Exercise description>
The listing below must be returned in full and unchanged, without the images it carries.

Collected material>
◆ ◆ ◆ ◆ ◆ ◆ ◆

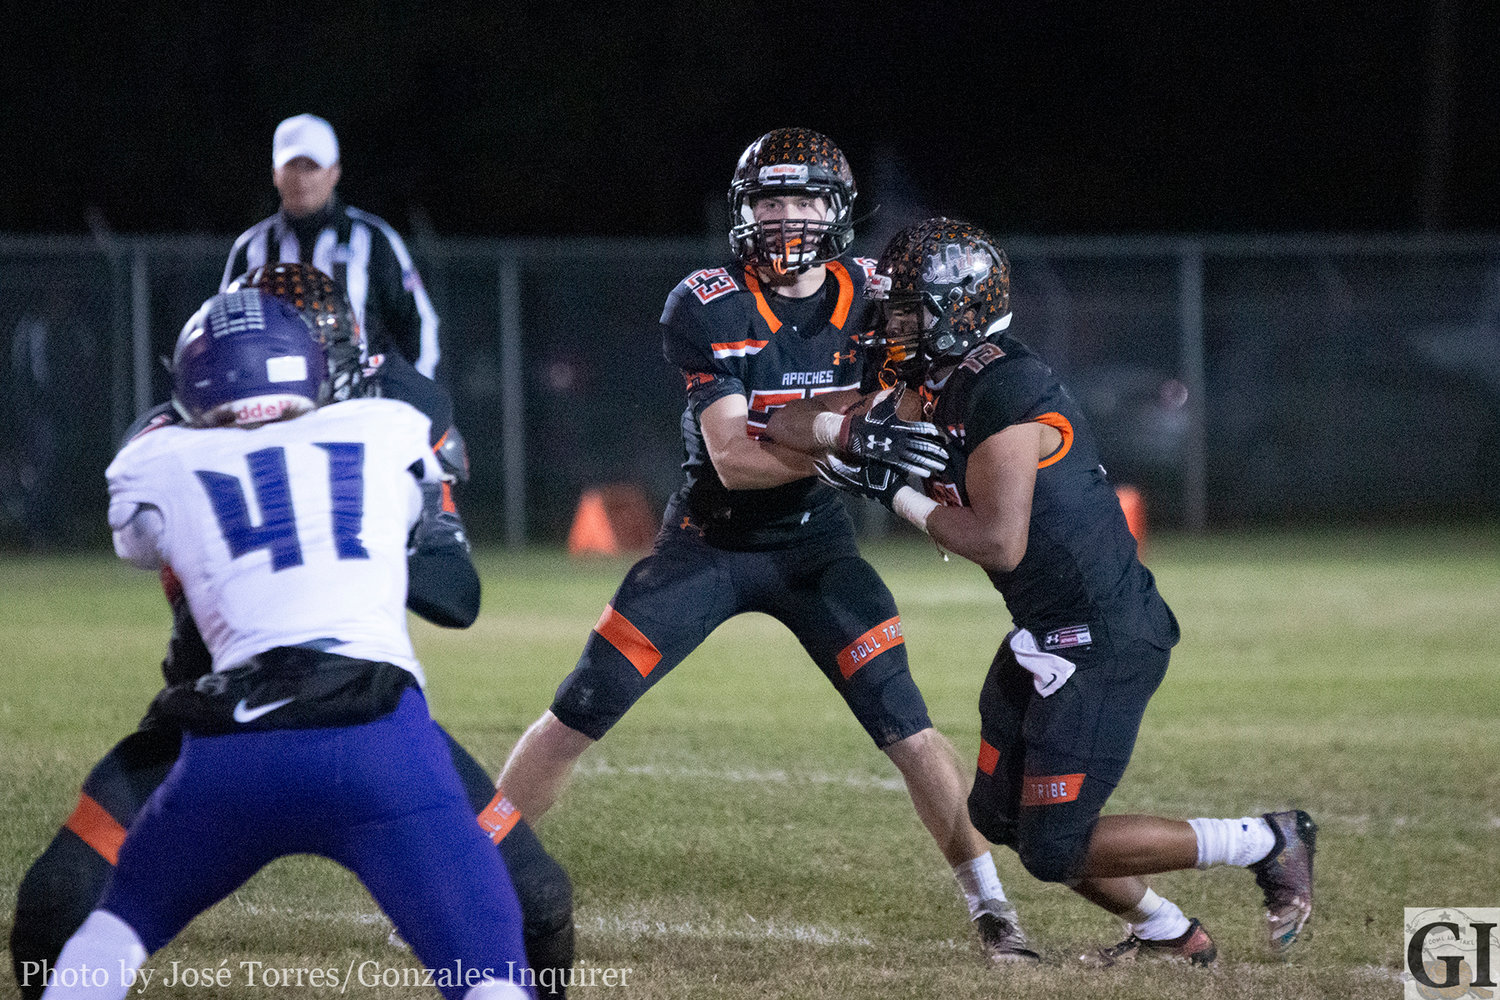 Behind the stout Gonzales Apache line, the offense had no trouble rushing the ball with Heath Henke at quarterback at James Martinez taking the bulk of the carries in Gonzales' 35-28 upset win over Boerne.
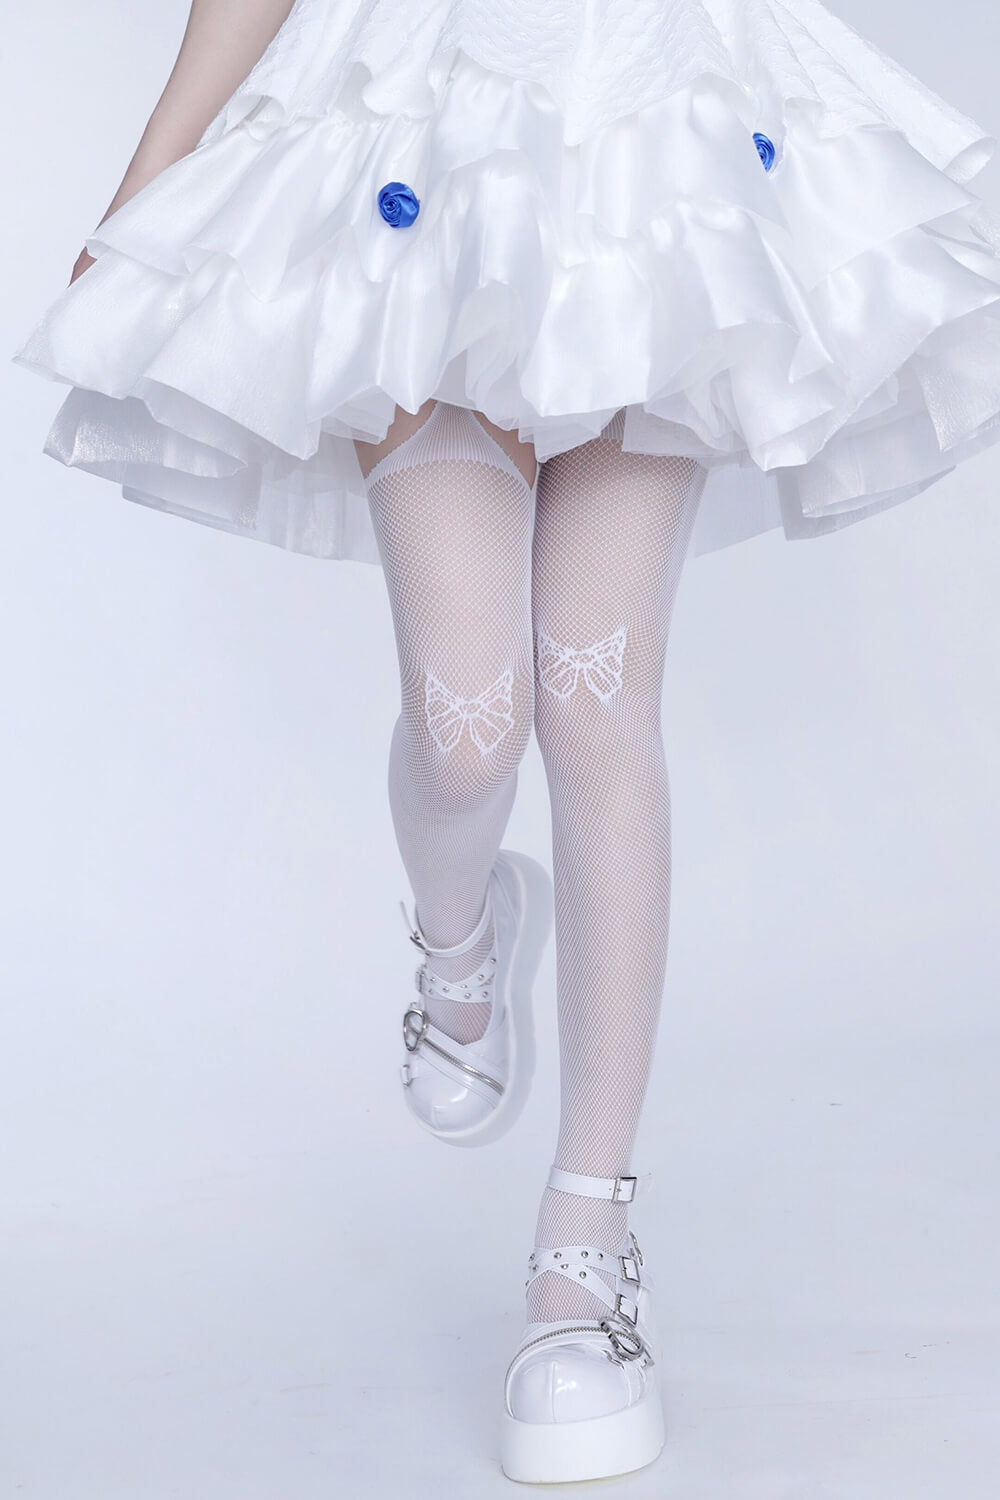 bow-pattern-fishnet-tights-thigh-high-suspender-stockings-in-white
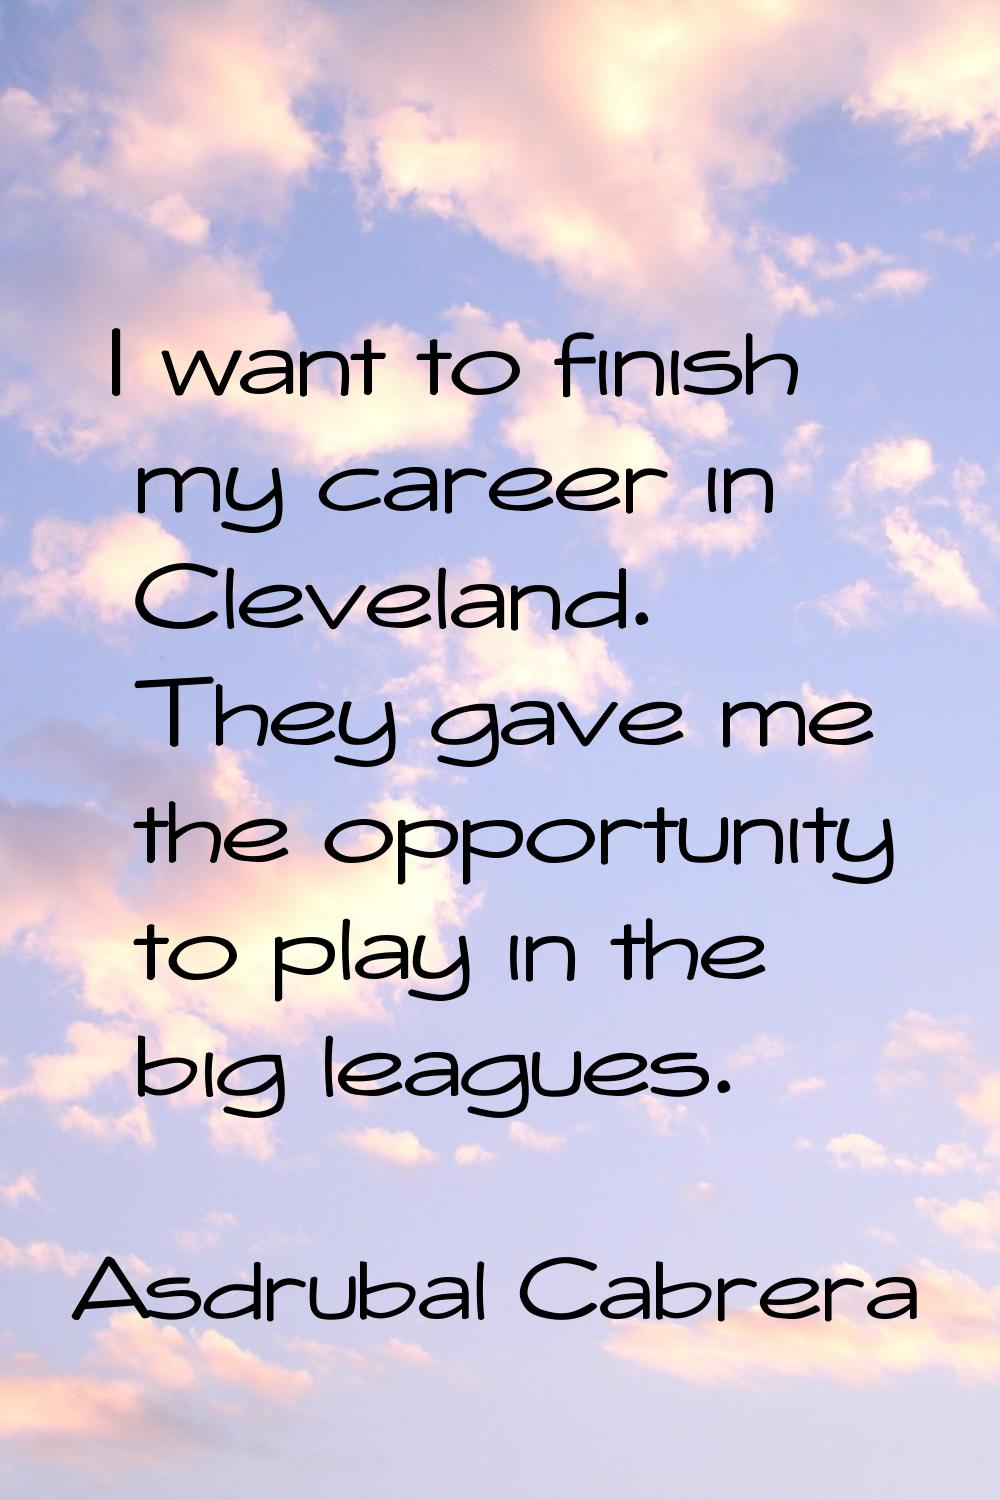 I want to finish my career in Cleveland. They gave me the opportunity to play in the big leagues.
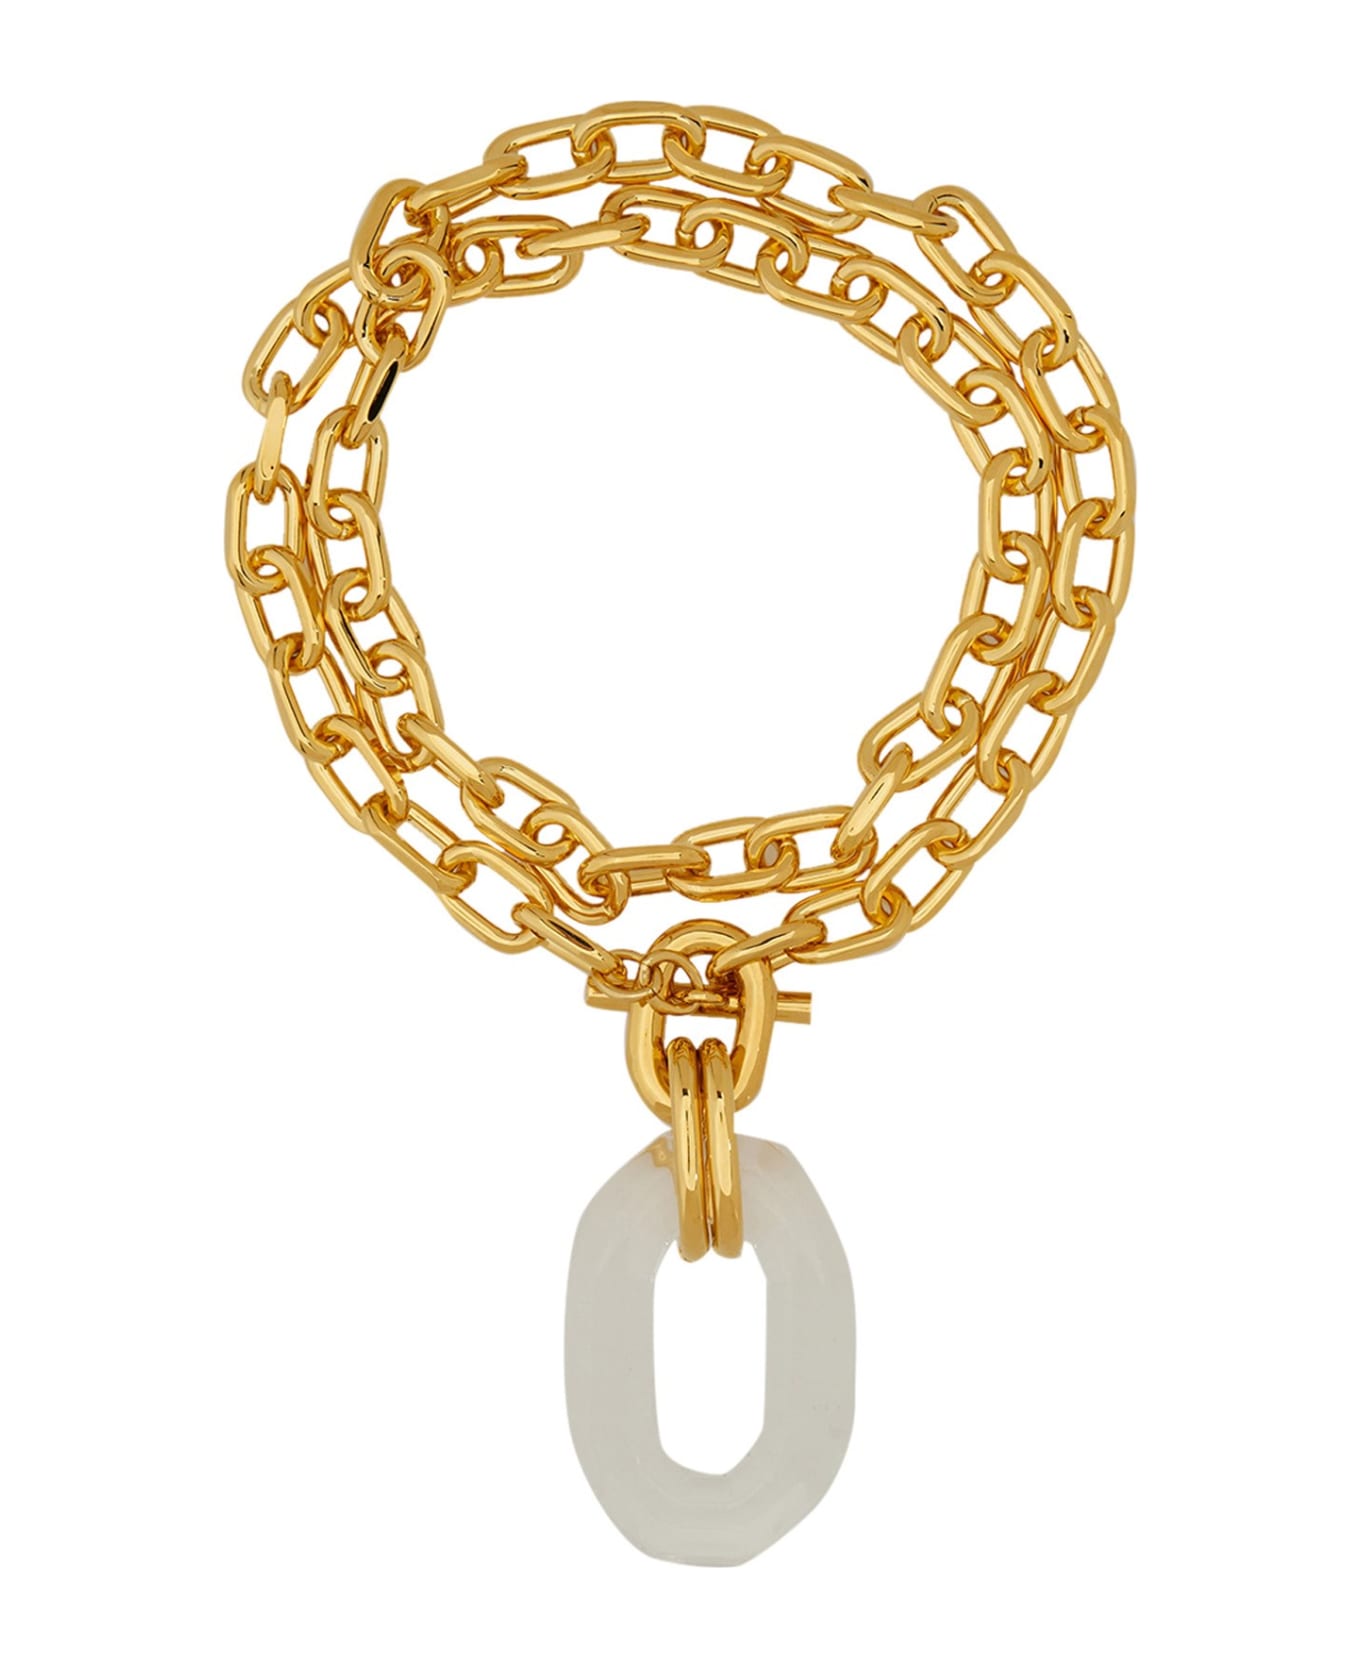 Paco Rabanne Necklace With Chain - Gold Transparent ネックレス

◆ ◆ ◆ ◆ ◆ ◆ ◆

Your response>
 Behind the stout Gonzales Apache line, the offense had no trouble rushing the ball with Heath Henke at quarterback at James Martinez taking the bulk of the carries in Gonzales' 35-28 upset win over Boerne.
 bow-pattern-fishnet-tights-thigh-high-suspender-stockings-in-white
 I want to finish my career in Cleveland. They gave me the opportunity to play in the big leagues.
 Paco Rabanne Necklace With Chain - Gold Transparent ネックレス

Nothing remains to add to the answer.